My scientific nonsense

Sunday, April 08, 2007

Self-Assembled, Soft, and Smart

The concept of so-called 'bottom-up' method has been parallel with its counterpart 'top-down' one for years. In term of controllability the latter is somewhat superior; we have already got the devices and theories needed to control the nano-patterns thus formed. But when it comes to self-assembly we can only utilize or combine a limited number of known procedures, and explain them with classic surface and interface thermodynamics, which are themselves most suitable for equilibrium state problems. This unfit and unprepared theoretical basis has hindered the development of the 'bottom-up' method in fabricating materials with unique functions.

This is only the situation within the circle of chemists, though, especially before P. G. de Gennes, laureate of the Nobel Prize in physics, 1991, put forward the term 'soft matter' as the title of his Nobel lecture. Soft matter includes everything that characterizes between solid and fluid, and that generally responses largely to small stimuli (where the word 'soft' comes from).

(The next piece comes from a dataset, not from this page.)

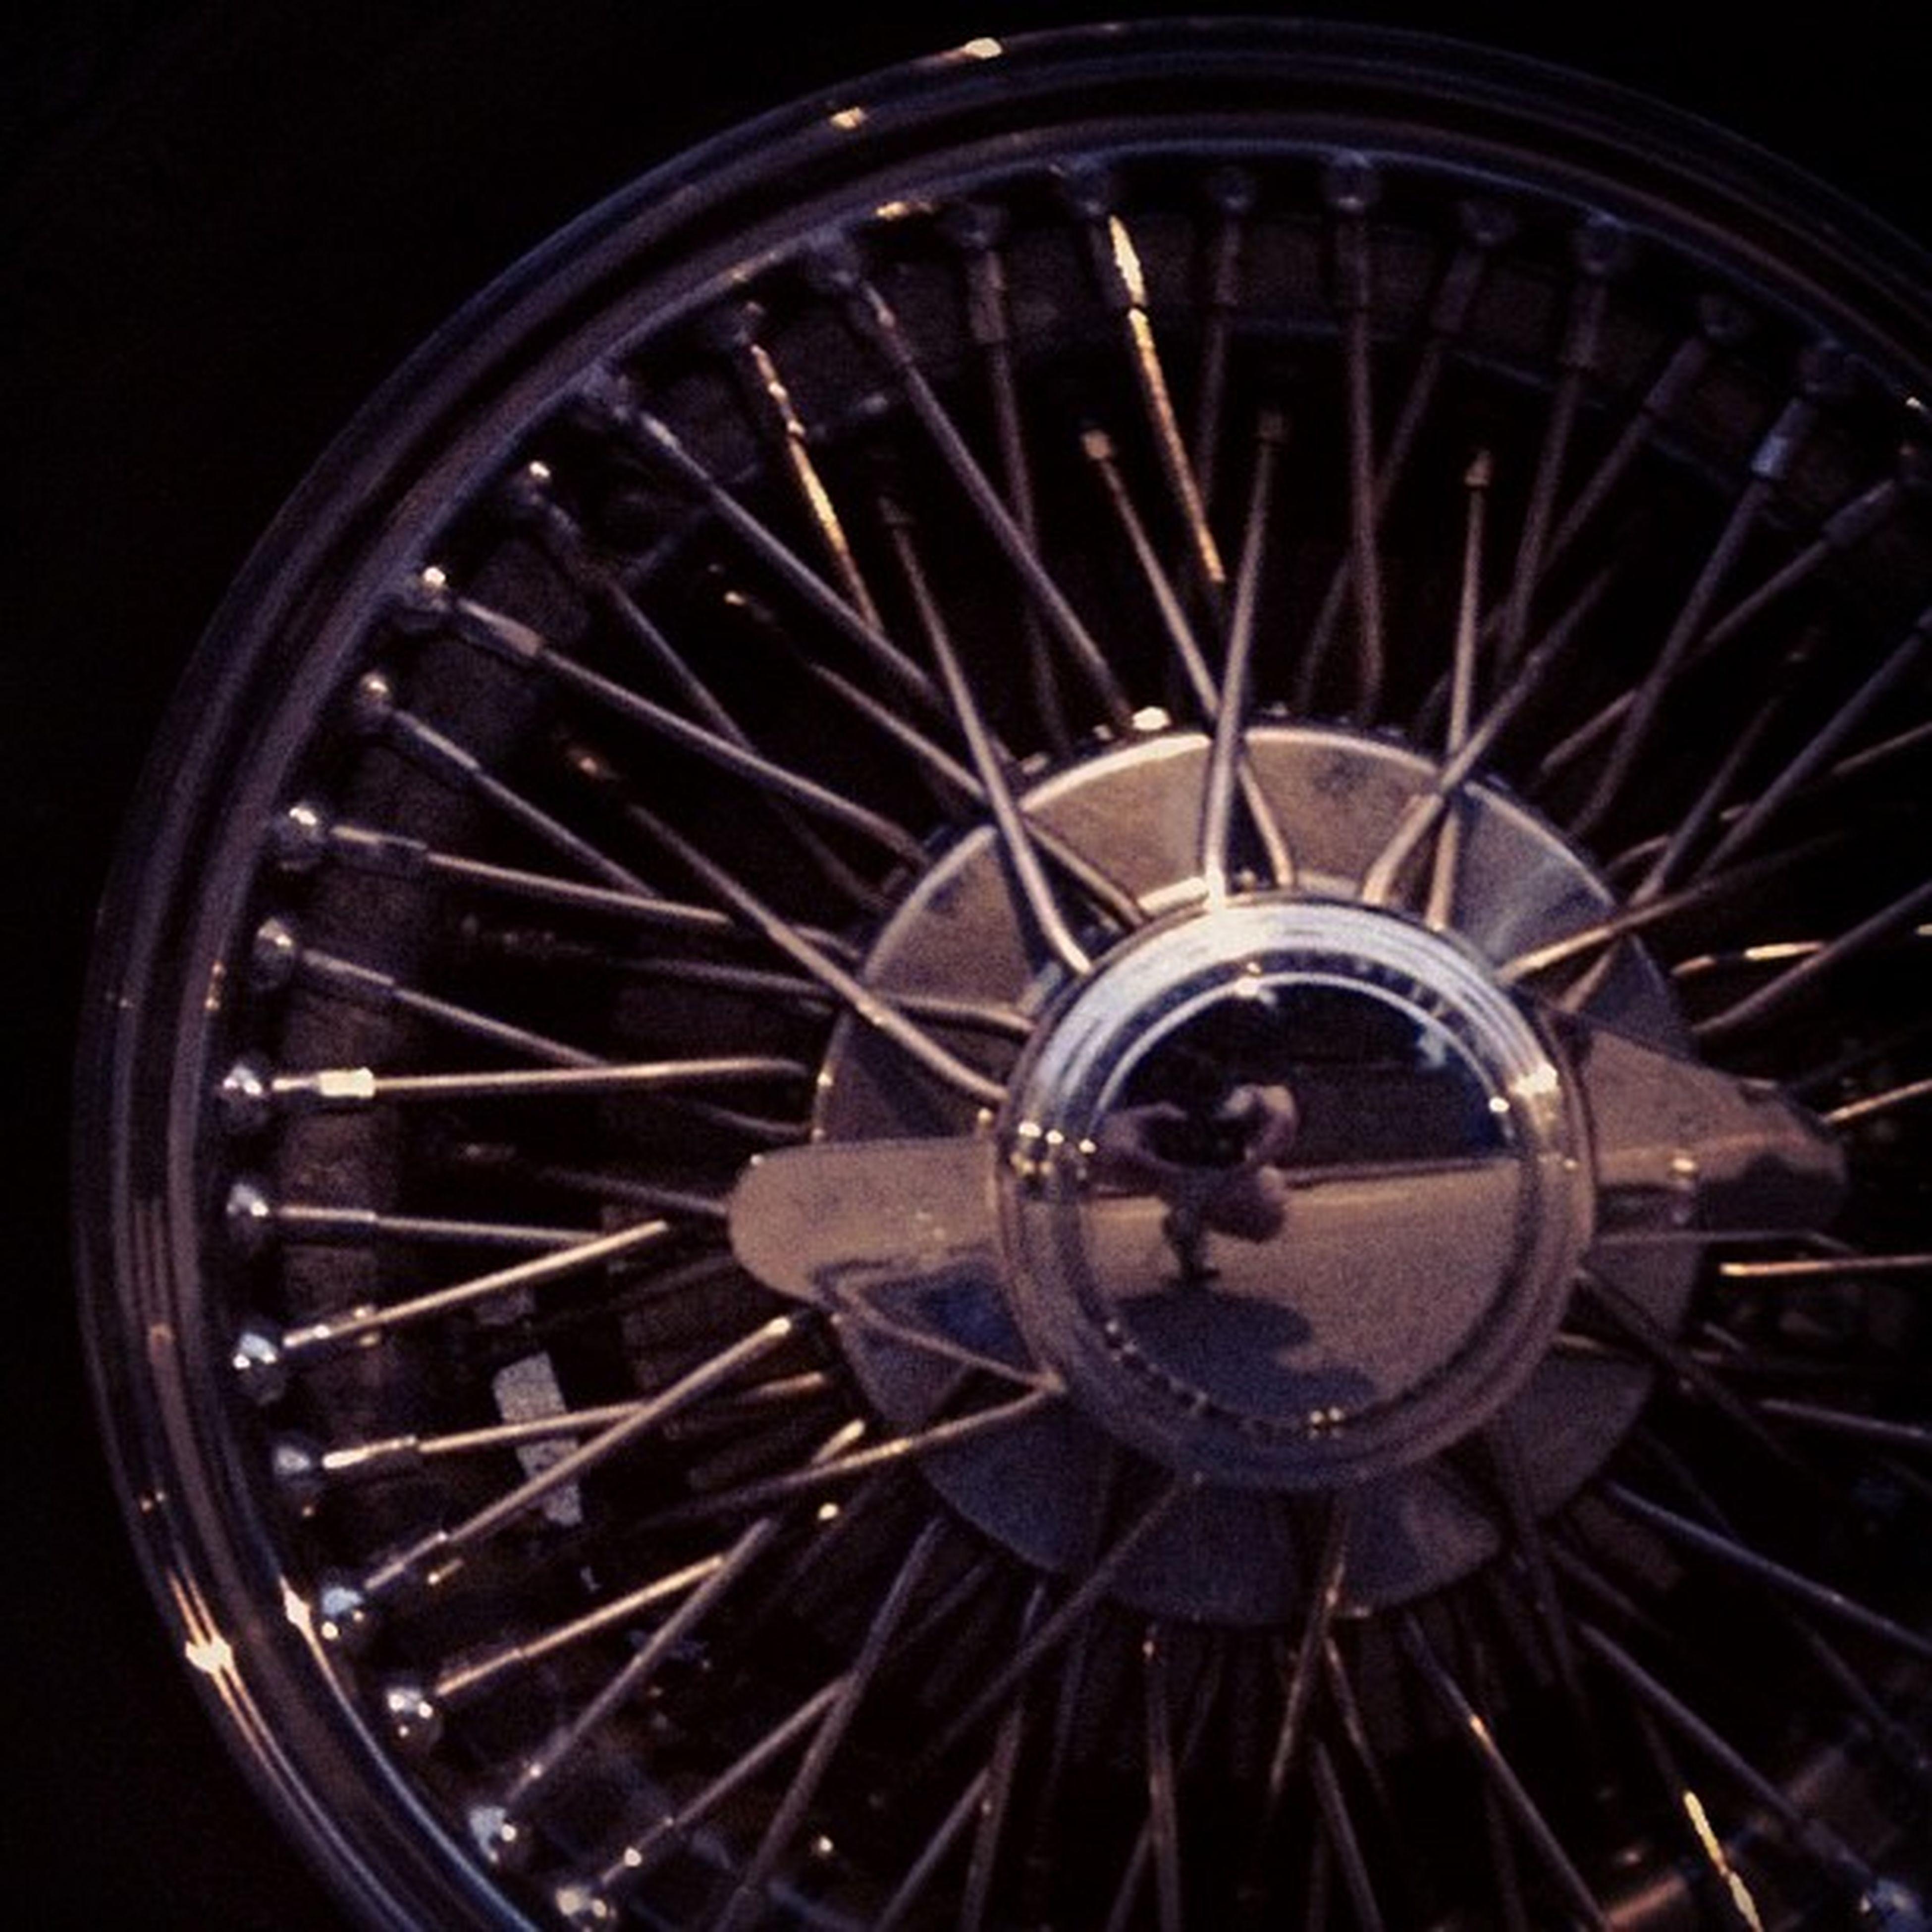 circle, wheel, metal, geometric shape, indoors, time, close-up, round, old-fashioned, clock, metallic, no people, pattern, illuminated, retro styled, ferris wheel, night, low angle view, shape, circular

Among the members of soft matter we can find many interfacial phenomena and self-assembled structures: droplet, bubble, polymer solution, gel, etc. Polymer, in particular, is unique as a kind of material with its time-dependent mechanic properties, but classical in terms of theoretical model for the theory or physics of soft matter. Its chain-like repeating structure establishes a typical fractal model, based on which the mathematic description of colloidal assembly could be developed.

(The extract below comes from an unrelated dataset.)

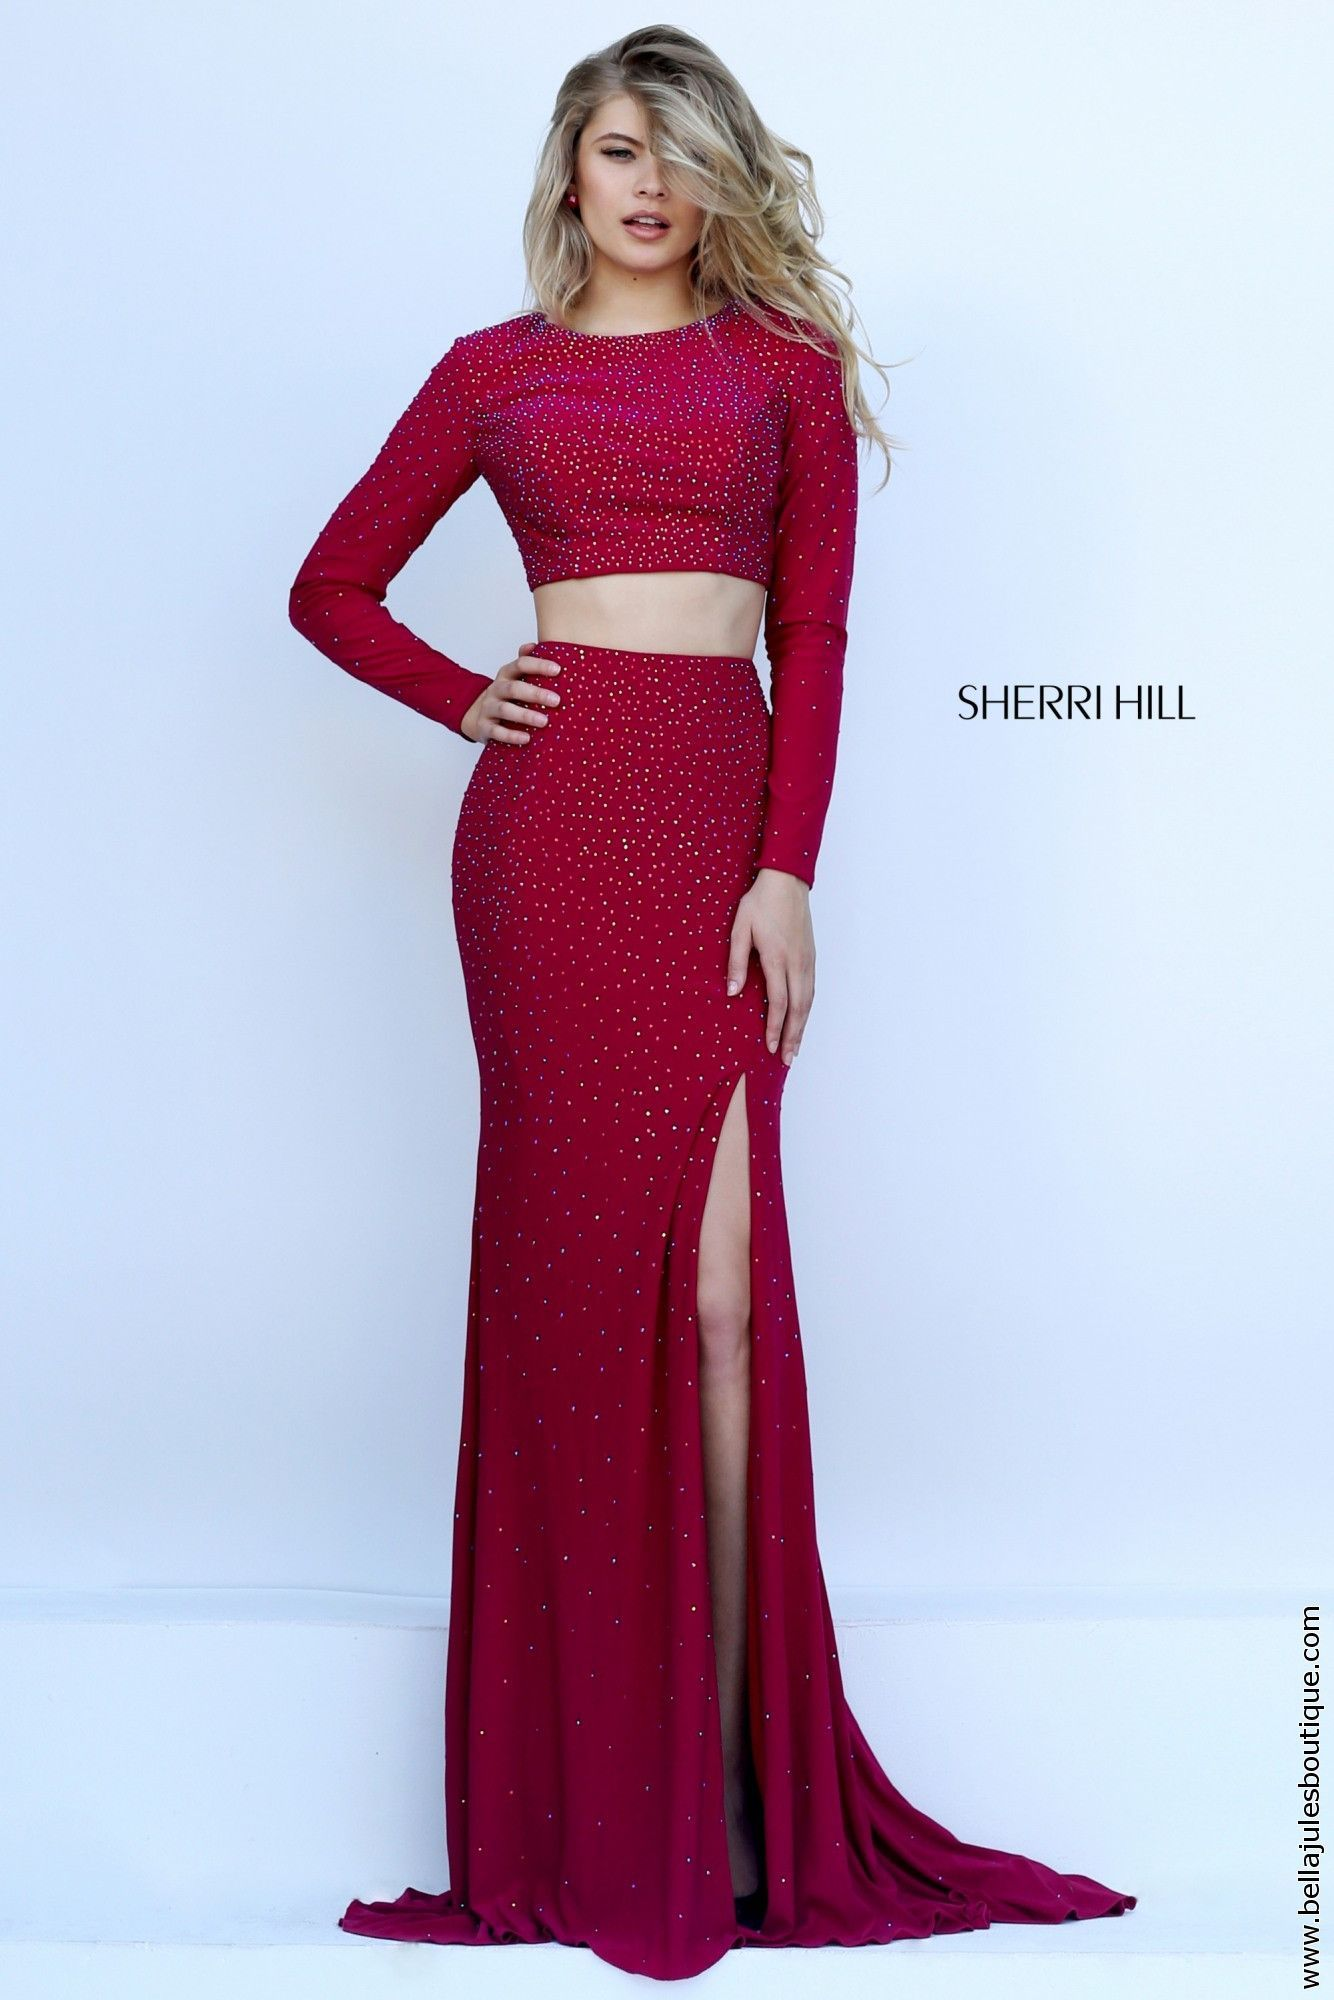 Sherri hill prom dress style prom pinterest sherri hill

One of the pioneers in this field is T. A. Witten, who started to pay attention to the mathematical treatment to soft matter in early 1970s and was the founder of the model of diffusion-limited aggregation (the Witton's model, legendary paper Phys. Rev. Lett. 1981, 47, 1400-1403. DOI: 10.1103/PhysRevLett.47.1400). He and another physicist, D. Quéré, kindly provided some drafts of their books for a group of Chinese physicists, authors of Introduction to Soft Matter Physics (translated from Chinese title), 2004, in advance of the publication of their own books (Witten T A, Pincus, P A Structured Fluids-Polymers, Colloids and Surfactants. New York: Oxford University Press, 2004; de Gennes P G, Brochard-Wyart F, Quéré D Capillarity and Wetting Phenomena-Drops, Bubbles, Pearls, Waves. New York: Springer-Verlag, 2004). It is an intensive survey of the physical aspects of all known phenomena of soft matter. Besides classical examples such as bubbles, polymer gels and liquid crystals, novel findings in supramolecular self-assembly, microphase separation, electro-/magnetorheological fluids, biomacromolecules, and colloidal particles are also subjected to detailed theoretical analysis.

This book effectively collects all findings in the field of soft matter from the most significant physics and physical chemistry journals (tons of Phys. Rev. Lett., Phys. Rev. E, J. Chem. Phys., or Faraday Trans.) in a systematic way, and a low price (RMB 35.00). Although the maths involved is as terribly complex as the things (soft matter) it intends to describe, it is worth dwelling on. Whenever controllability is necessary, physics or maths is needed because they correlate structures and functions, the cause and the result. The time is near when engineers cross their hands and read their RSS subscription of the day during work hour - 'self-assembly kettles' always give and only give the right products!